EXERCISE REQUIREMENTS
The answer is all of the data repeated exactly, with each picture omitted.

DATA
**********
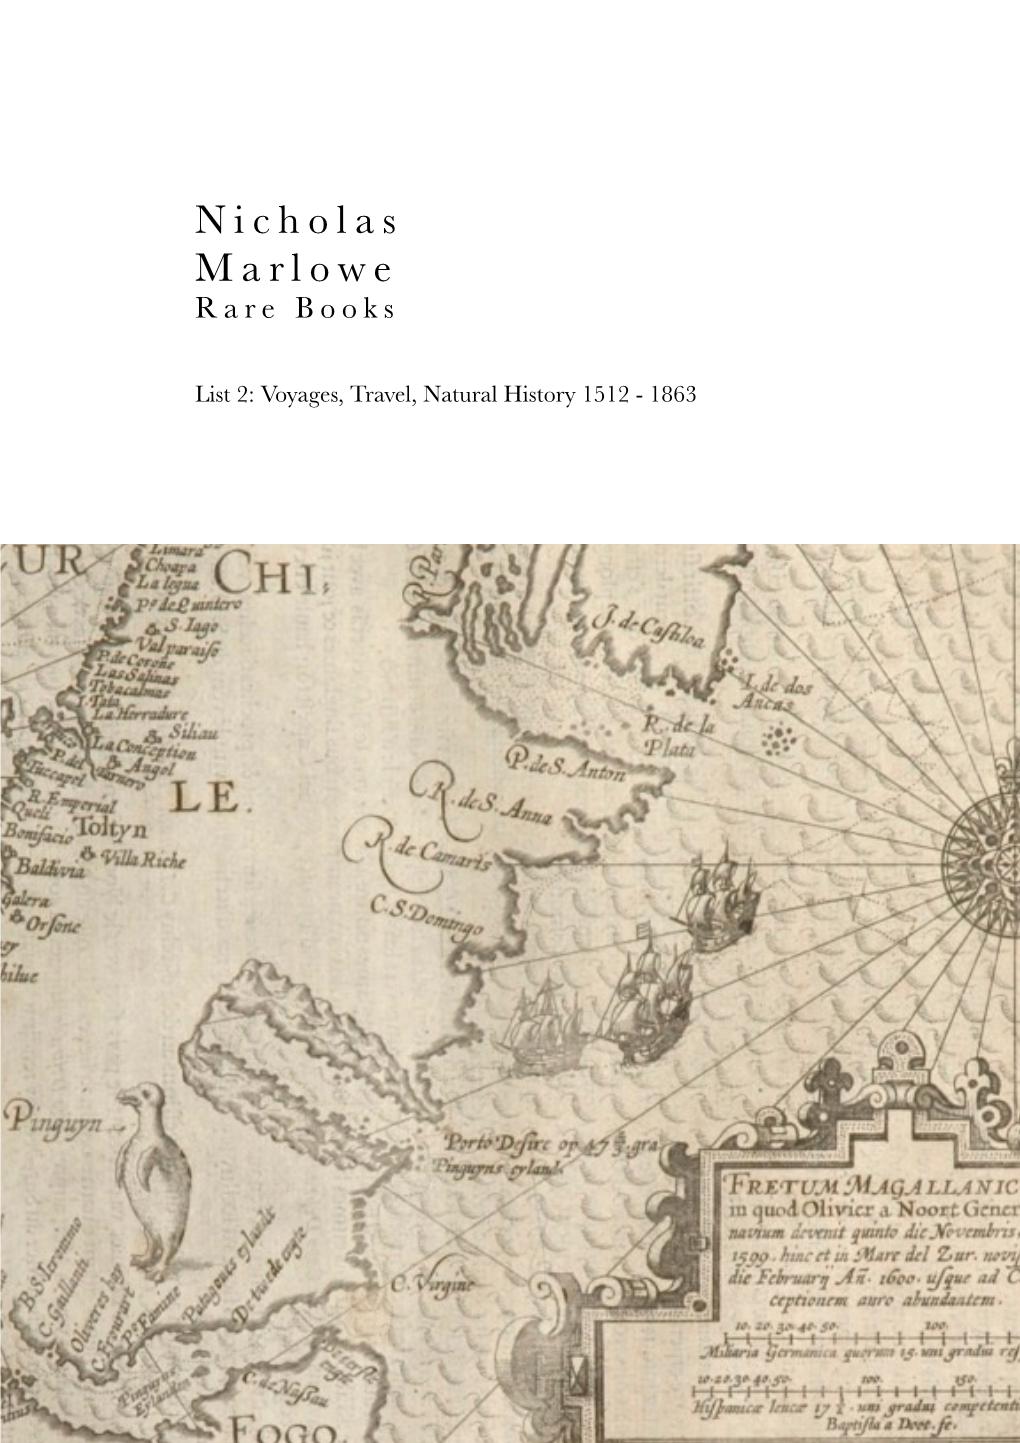 Nicholas Marlowe List 2 Voyages
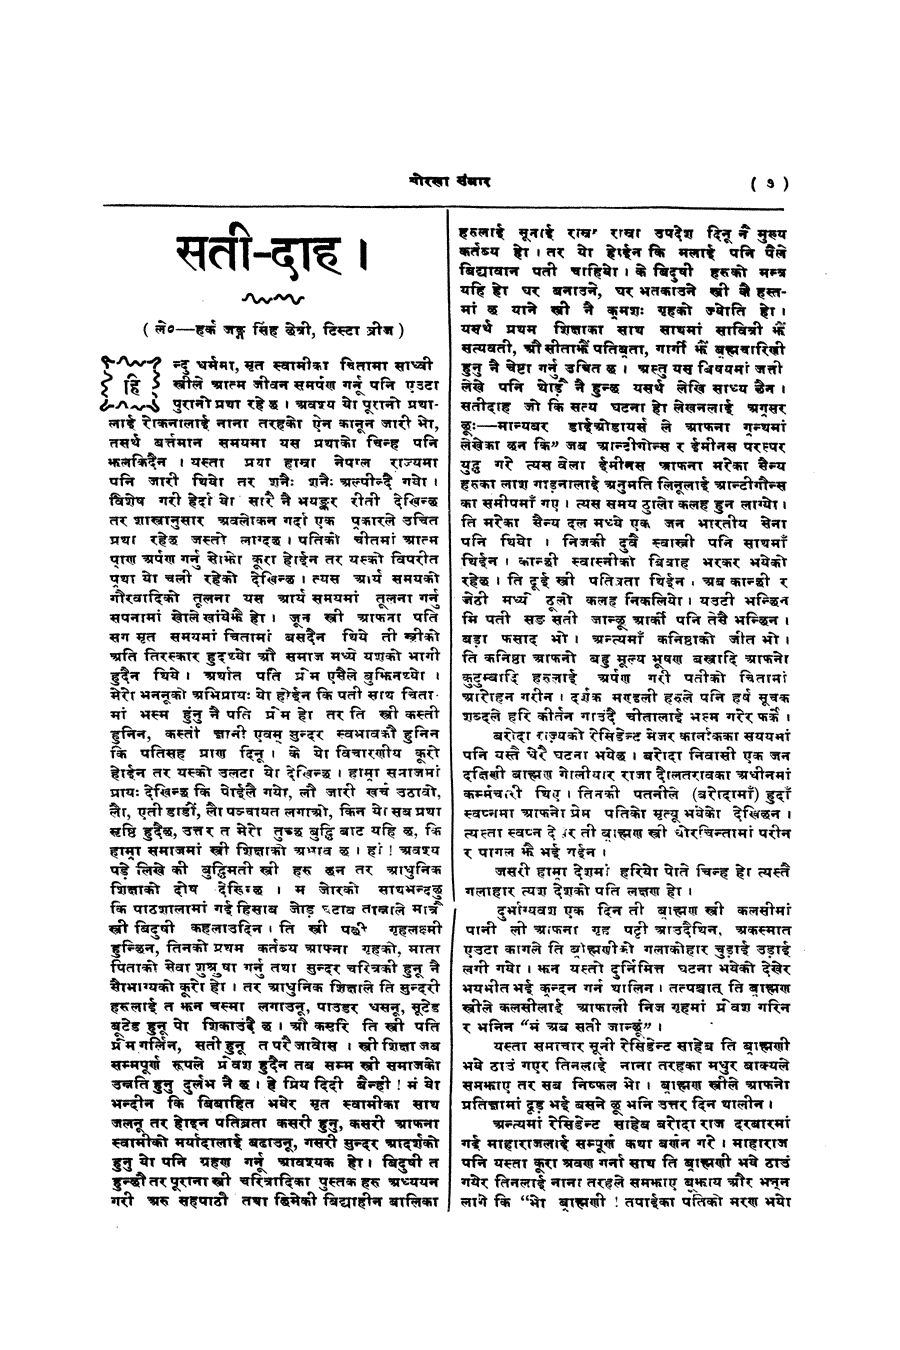 Gorkha Sansar, 3 Jan 1928, page 7
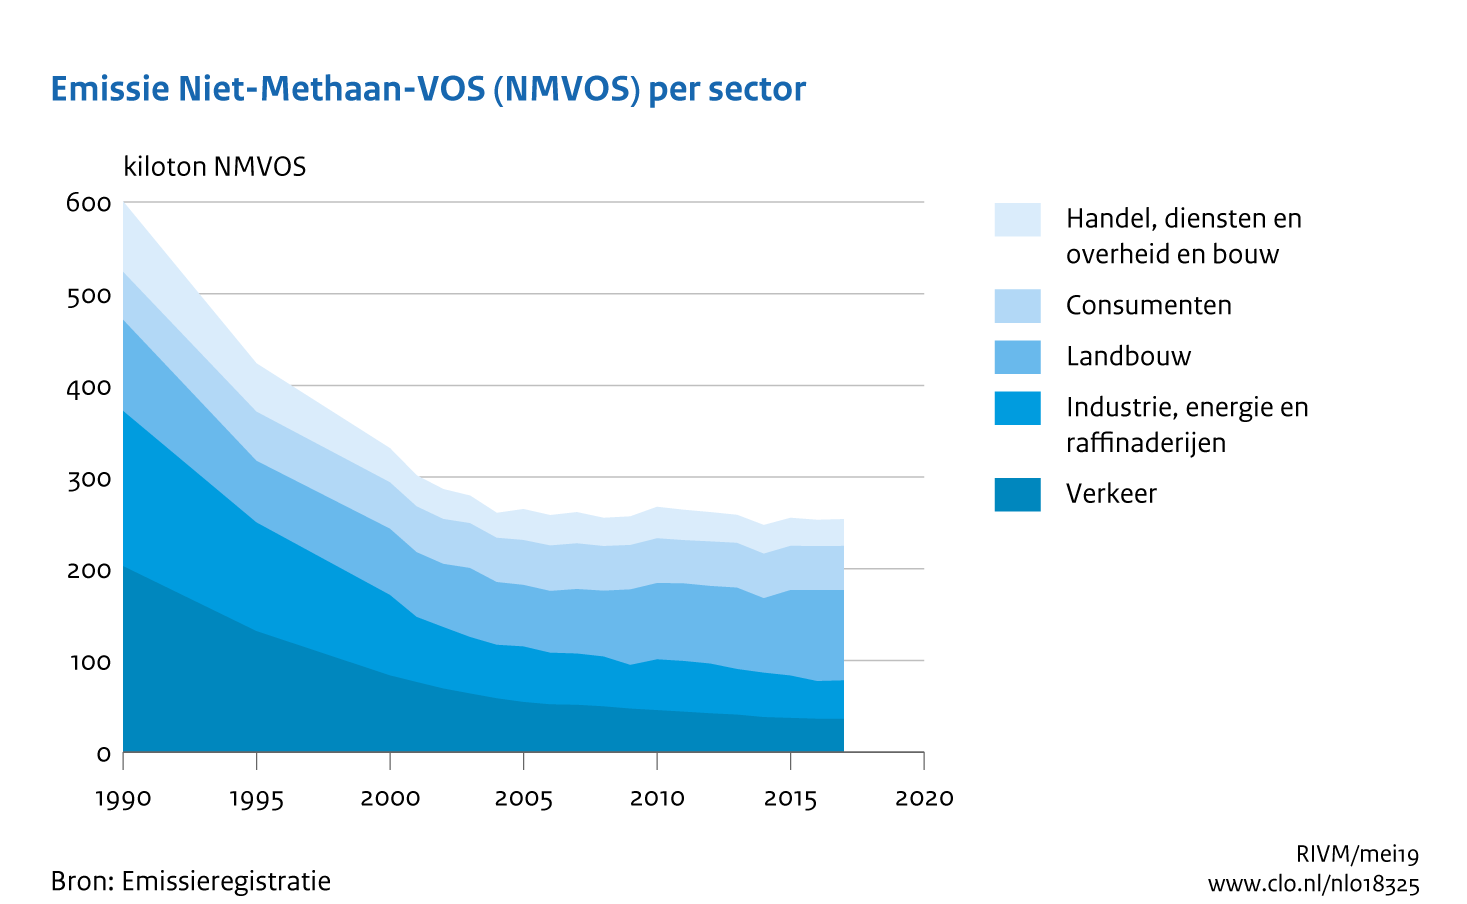 Figuur NMVOS-emissie per sector. In de rest van de tekst wordt deze figuur uitgebreider uitgelegd.
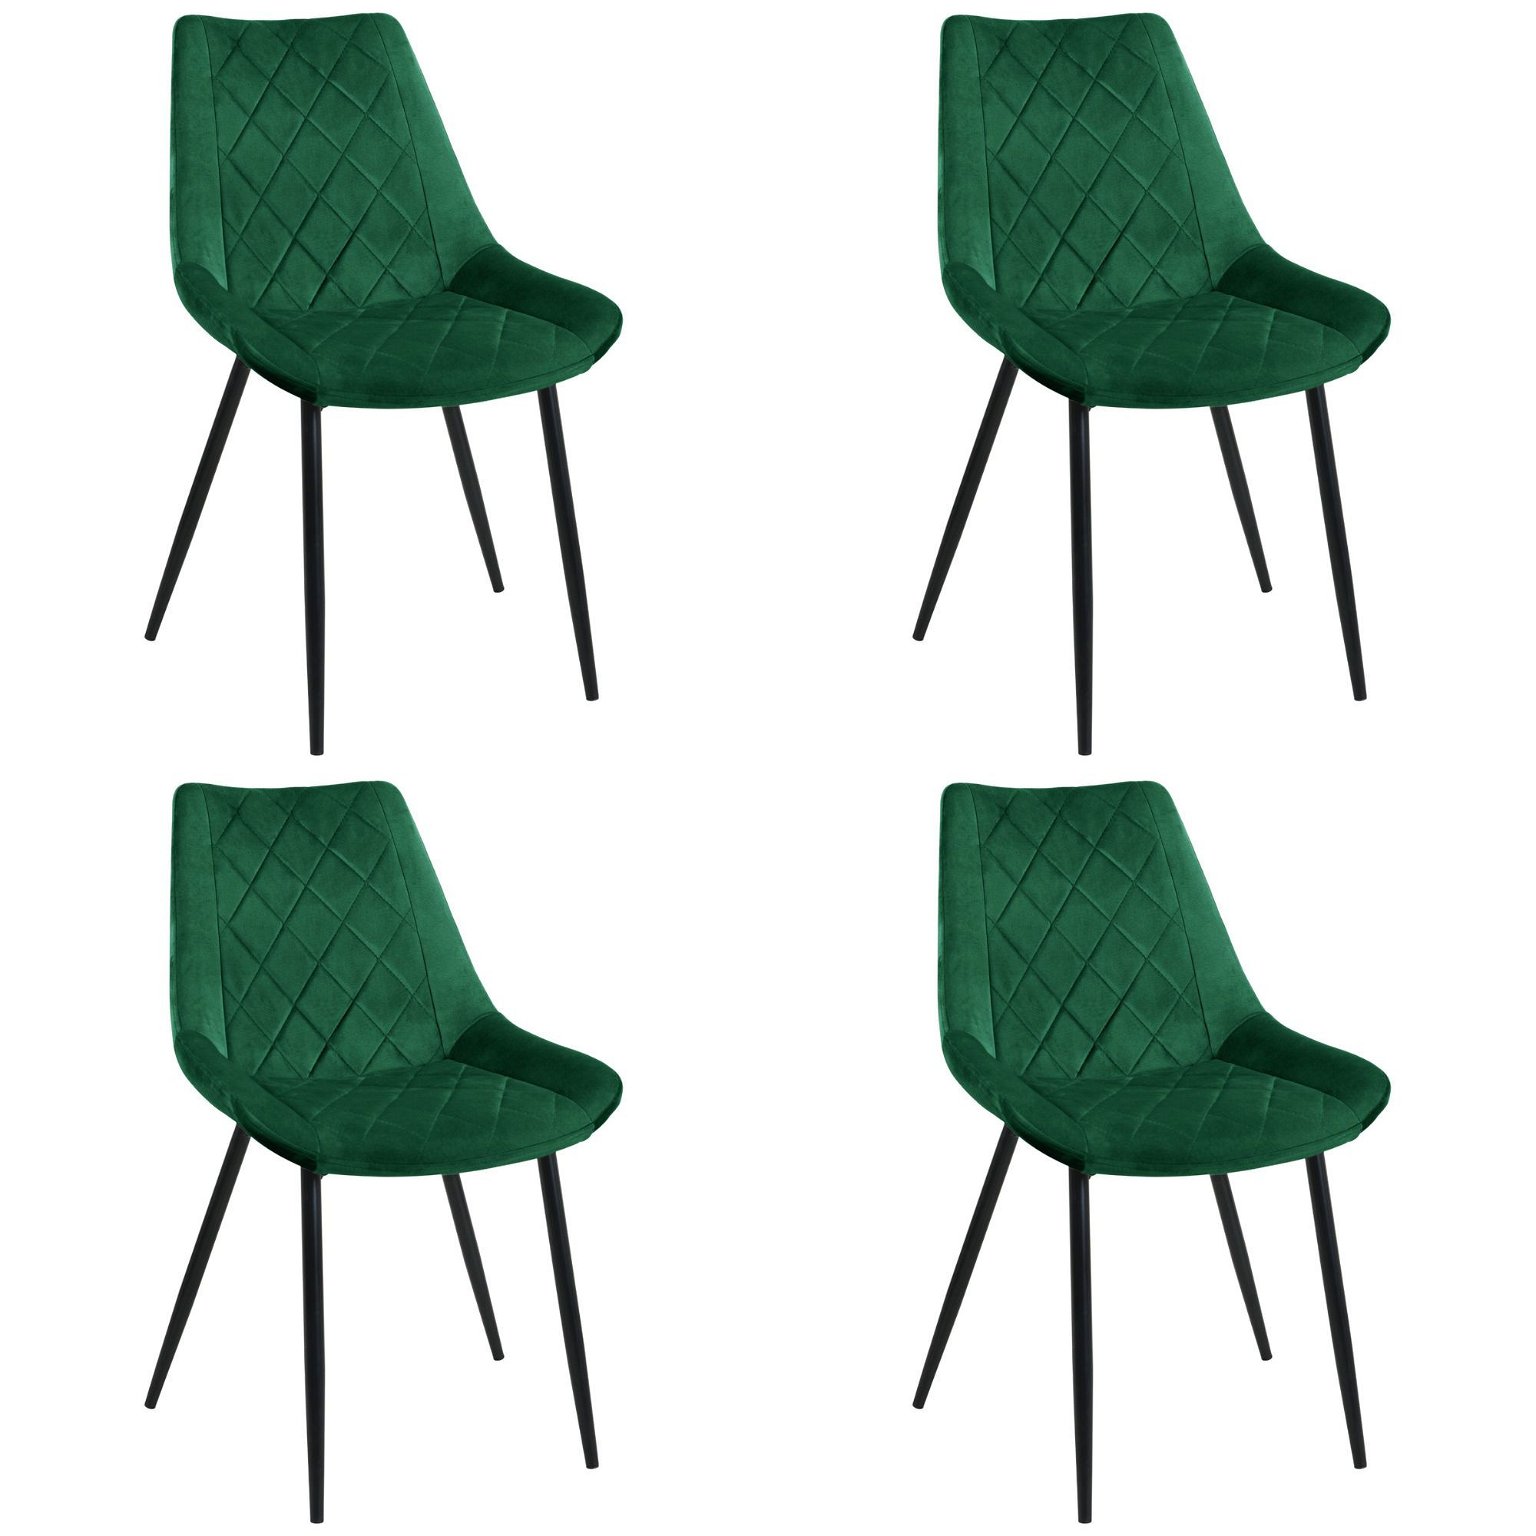 4-ių kėdžių komplektas SJ.0488, žalia
**********
SOLUTION TO THIS EXERCISE
 Nicholas Marlowe List 2 Voyages
 Gorkha Sansar, 3 Jan 1928, page 7
 Figuur NMVOS-emissie per sector. In de rest van de tekst wordt deze figuur uitgebreider uitgelegd.
 4-ių kėdžių komplektas SJ.0488, žalia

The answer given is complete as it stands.